Is it overrated? I don't think it is, because most people, at least most people I know, are not blind to its decline in overall quality, but accept it as a good show. If masses are claiming it to be anything more than watchable television that has it moments of greatness, then they're wrong.


----------



## kiwig0ld (Nov 7, 2010)

It's an entertaining 30 minutes, nothing more for me.... Does anyone happen to know of this REALLY sad episode, dont remember the season, just that is was really sad. Any help would be appretiated.


----------



## ThatUglyGirl (Jun 18, 2012)

esbe said:


> It's an entertaining 30 minutes, nothing more for me.... Does anyone happen to know of this REALLY sad episode, dont remember the season, just that is was really sad. Any help would be appretiated.


Do you remember what the episode was about? (i.e., did someone die in it? bad breakup? etc.)

I don't see the big deal, myself. I didn't find it as hilarious as others made it seem.


----------



## kiwig0ld (Nov 7, 2010)

Mayushii said:


> Do you remember what the episode was about? (i.e., did someone die in it? bad breakup? etc.)
> 
> I don't see the big deal, myself. I didn't find it as hilarious as others made it seem.


Someone dies, it's a girl. Thats all I know.


----------



## ThatUglyGirl (Jun 18, 2012)

esbe said:


> Someone dies, it's a girl. Thats all I know.


I enlisted my brother's help because he has seen every episode of the show, but the only thing we could come up with is the episode where: 
* *




Marshall's father dies.


 No one else has died on the show as far as he's seen or that we could find. 

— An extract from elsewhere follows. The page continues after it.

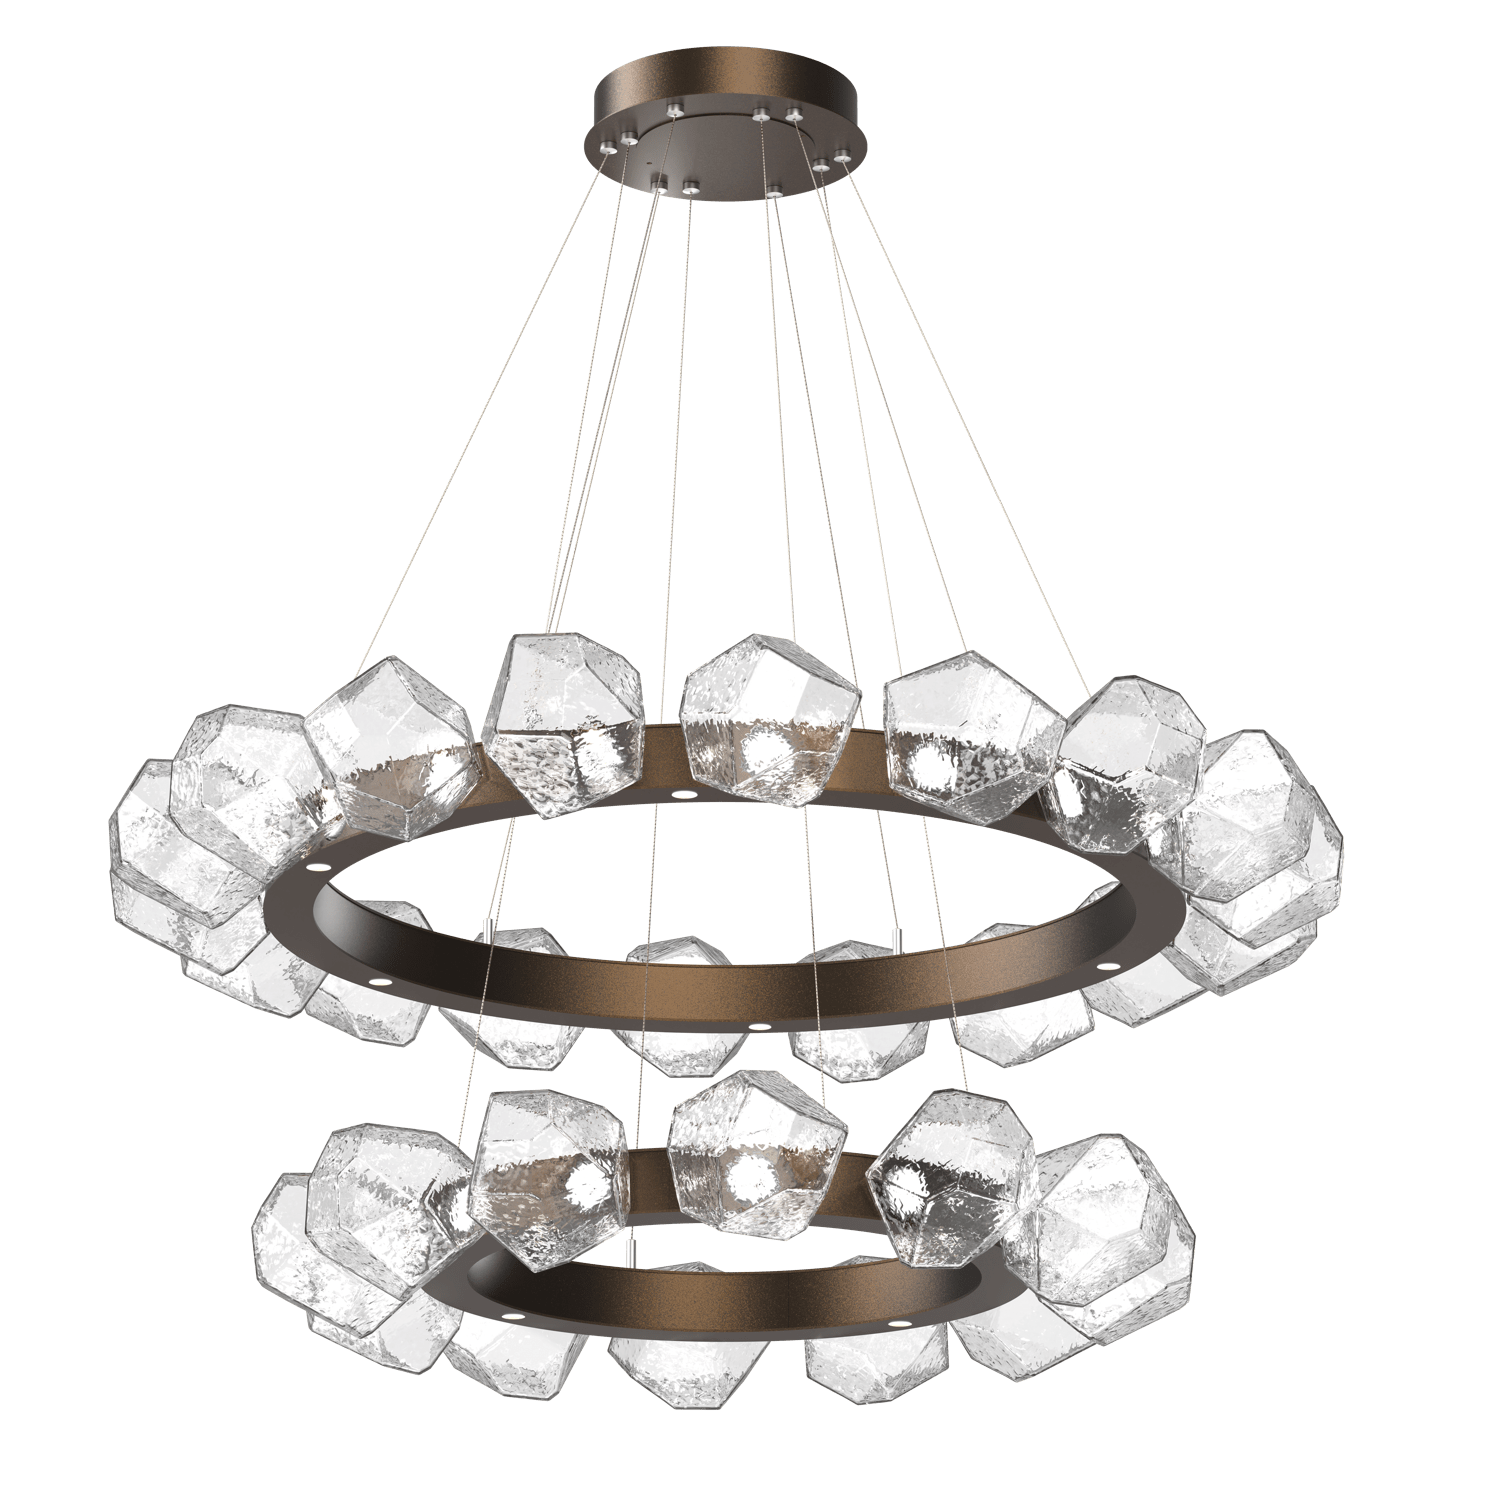 CHB0039-2T-FB-C-Hammerton-Studio-Gem-48-inch-two-tier-radial-ring-chandelier-with-flat-bronze-finish-and-clear-blown-glass-shades-and-LED-lamping

Sorry I couldn't come up with anything. Hopefully someone else who is familiar with the show can help.


----------



## kiwig0ld (Nov 7, 2010)

That may be it. I'm going to check it out. Thanks.


----------



## CrabbyPaws (Mar 5, 2012)

I agree, it's just like all the other shows. I don't particularly find shows like Big Bang Theory funny either. I feel it is a unrealistic representation of the people they are targetting, then again that's probably what they rely on for their humour, so I can understand that. I miss shows like F.R.I.E.N.D.S.


----------



## firedell (Aug 5, 2009)

Yes. I tried 3 seasons of it because it was available on Tevo, and it's meant to be really good so I wanted to give it a fair chance. Maybe i'm watching it incorrectly, but it's not that funny at all. It's slightly a Friends wannabe.


----------



## Cheveyo (Nov 19, 2010)

Network television sucks.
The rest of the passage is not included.